Чистота звучания рояля зависит от точности настройки, от строя инструмента, а не от музыканта, играющего на нем. Чистота звучания скрипки зависит больше всего от исполнителя. Легчайшее нажатие пальца может полностью изменить точность звука. Я допускала мысль, что могла бы стать профессиональной пианисткой. Но не могла представить себя в роли профессиональной скрипачки, хотя довольно сносно справлялась здесь со всеми трудностями. Вероятно, чтобы вызвать во мне честолюбивое чувство, учительница любила говорить о славе, которую нельзя купить, которая достигается только работой, работой и работой!
Педагог по скрипке была высокая, тонкая дама, всегда бледная, с удивительно красивыми руками… и удивительно длинным носом. Когда она играла на скрипке, была видна не голова, а один только ее длинный нос.
Она часто говорила: «Знай, когда человек некрасив, жизнь его не бывает усыпана розами. Но когда он талантлив, то в царстве музыки, независимо от внешности, жизнь его всегда будет полна цветов».
Я была уверена, что, говоря об этом, она имела в виду не только себя, но и меня. Я не была красива, знала это слишком хорошо, мне нравилось, что она так доверительно со мной говорила.
Ее звали Берта. Так могли звать птичку, а может, и лису – Берта… Самое прекрасное, что у нее было, – это рыжевато-каштановые волосы. В течение нескольких лет она занималась со мной (после войны учительниц заменили учителя-мужчины), но я ничего не знала о ее личной жизни, теряла ли она, как другие, во время войны своих братьев, друзей. Она никогда не говорила о себе. Как-то зимой она пришла вся замерзшая, грела только руки, терла их, дышала на них и долго держала в руках горячую чашку с чаем.
Летом она дарила мне цветок или помидоры, выращенные ею в ящиках на балконе. Помидорами она особенно гордилась. На рождество она приносила зеленое, розовое или бледно-голубое стекло, упакованное в цветную бумагу, и каждый раз передавала со словами: «Это – для твоей мамы, положи под елку, а мы потом посмотрим, догадается ли она от кого». Она с удовольствием проделывала это каждый год. Фамилия ее была Глас.[2] Она никогда не забывала спросить меня, догадалась ли мама, от кого подарок. А я не осмеливалась поинтересоваться, занималась ли она этой игрой в отгадки с другими учениками. Она первая подала моей маме идею, что я должна стать скрипачкой.

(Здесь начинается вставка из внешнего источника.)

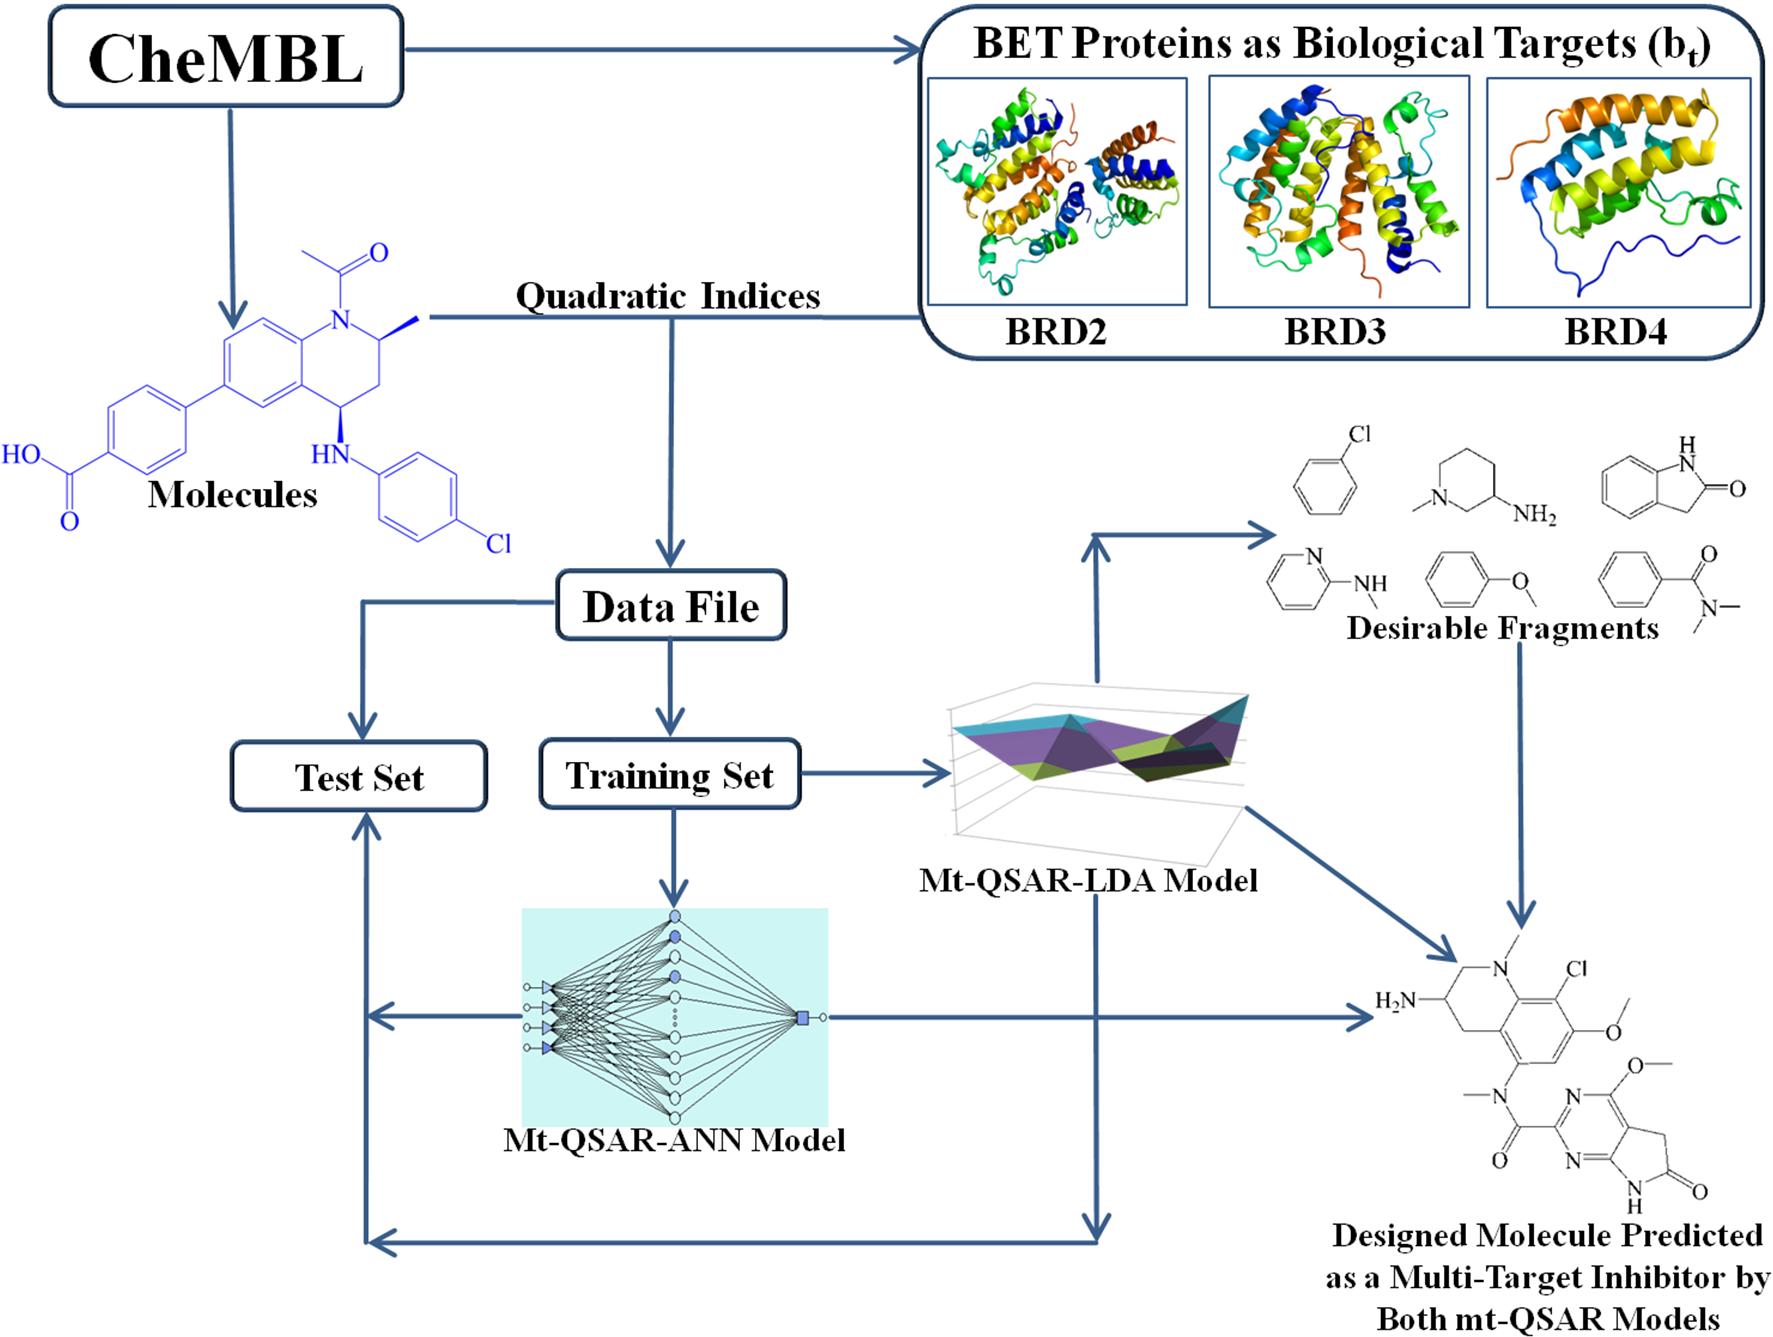 BET bromodomain inhibitors: fragment-based in silico design using

Педагог по фортепьяно была совсем другая – кругленькая, уютная дама. Когда мы играли вальс в четыре руки, она весело смеялась, запрокидывая голову назад. Она была хорошенькой и, вероятно, потому никогда не дискутировала о преимуществах и недостатках, которые может дать красивая внешность.
У нее были дочери незамужние, были кузины, – словом, все ее родственники – женщины. Только у нее – из тех, кого мы знали, – никого не было на войне. Я была уверена, что именно поэтому она всегда веселая. Правда, мама говорила, что она по природе такая, такой родилась. Обычно она дарила маме косынки, на которых рисовала кошечек и первые такты шопеновских вальсов. Косынки были сильно накрахмалены, и краски отслаивались от одного рождества до другого, а затем оставляли после себя дыры в мелодии.
Мама с большим уважением относилась к моим учителям и никогда не подвергала сомнению их решения, их методы или привычки, не говоря уже о подарках. Косынки бережно хранились в шелковистой бумаге, а цветные стекла лежали на видном месте на полке серванта.